Saturday, May 24, 2008

The Autumn of the Patriarch

I have the delight to be reading Gabriel Garcia Marquez's The Autumn of the Patriarch, which is less often read than his One Hundred Years of Solitude or Love in the Time of Cholera, but very worth reading. The entire novel is one long prose poem, with neither chapter nor paragraph break, and it moves from one scene to the next with a mythic intensity. I offer a passage here to show what has delighted me and to encourage you to pick up a copy, as well, if you have not had the chance to read it. The passage is one of walking through the city -- a beautiful evocation of both the scenes of this city (its poverty and its vitality) and the mood of the observer:

...the fearsome tapestry of the woman who had been changed into a scorpion for having disobeyed her parents, the alley of misery of women without men who would emerge naked at dusk to buy blue corbinas and red snappers and exchange mother-directed curses with the women selling vegetables while their clothes were drying on the carved wooden balconies, he smelled the rotten shellfish wind, the everyday light of the pelicans around the corner, the disorder of the colors of the Negro shacks on the promontories of the bay, and suddenly there it was, the waterfront, alas, the waterfront, the dock and its spongy planks, the old battleship of the marines longer and gloomer than truth....
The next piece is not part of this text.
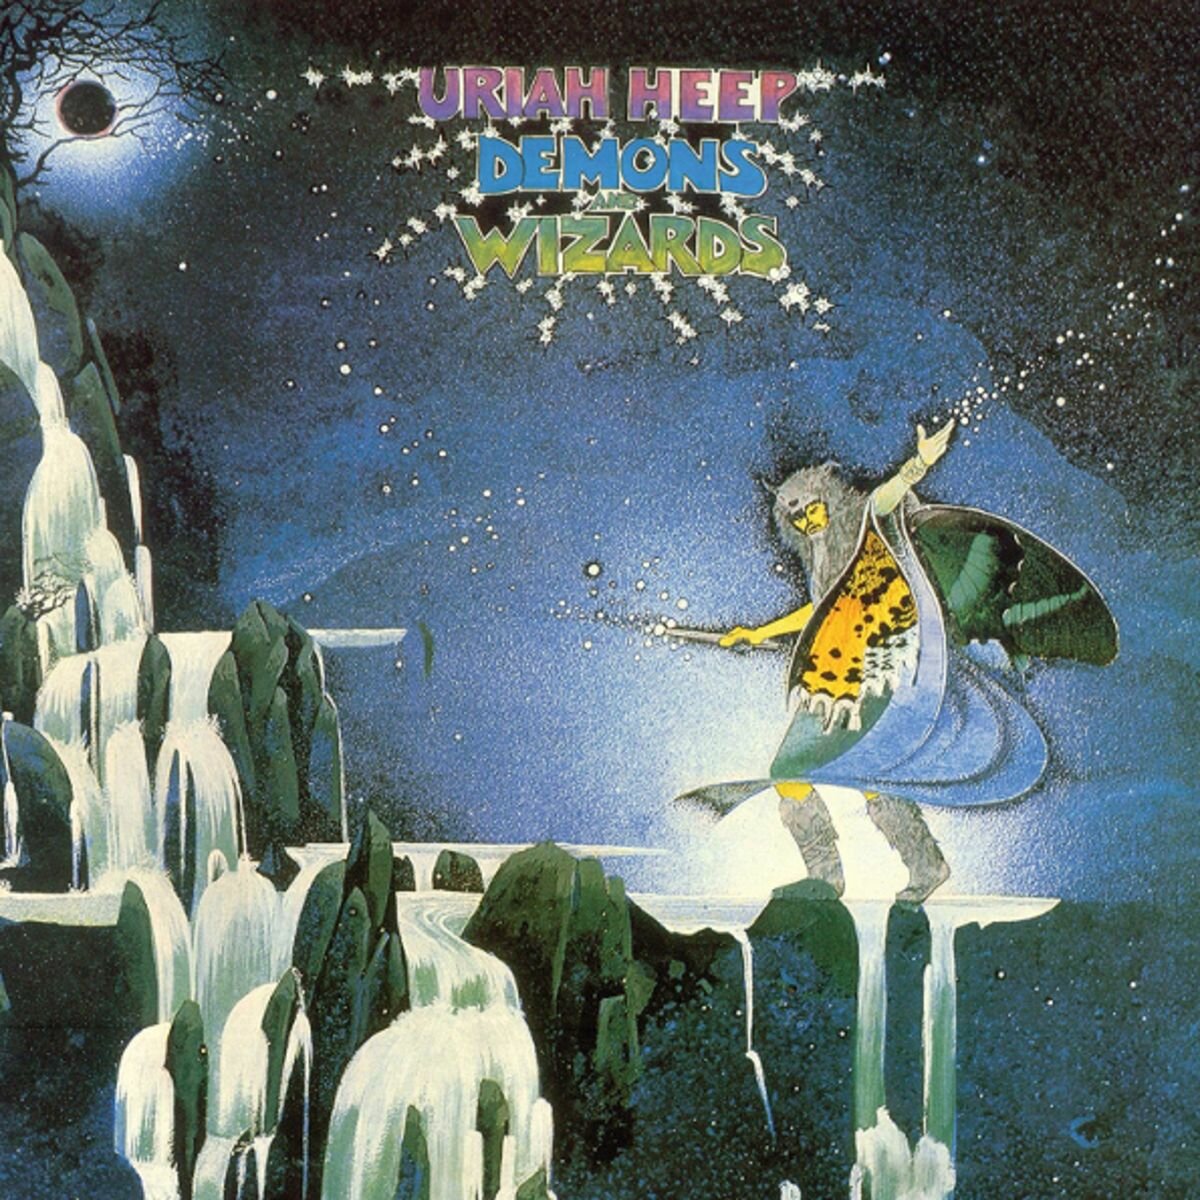 Виниловая пластинка Uriah Heep "Demons And Wizards"

There are some writers that it is a crime not to read, and read fully.

3 comments:

Howiecopywriter said...

This book is awful. I got suckered into writing a study guide about it. It is horrible. No grammar, pure existentialism. Cut the crap, and tell me what is good about this freaking book?

Dante's Heart said...

Sorry you feel that way, Howie.

Unknown said...

What is the grammar,Howie?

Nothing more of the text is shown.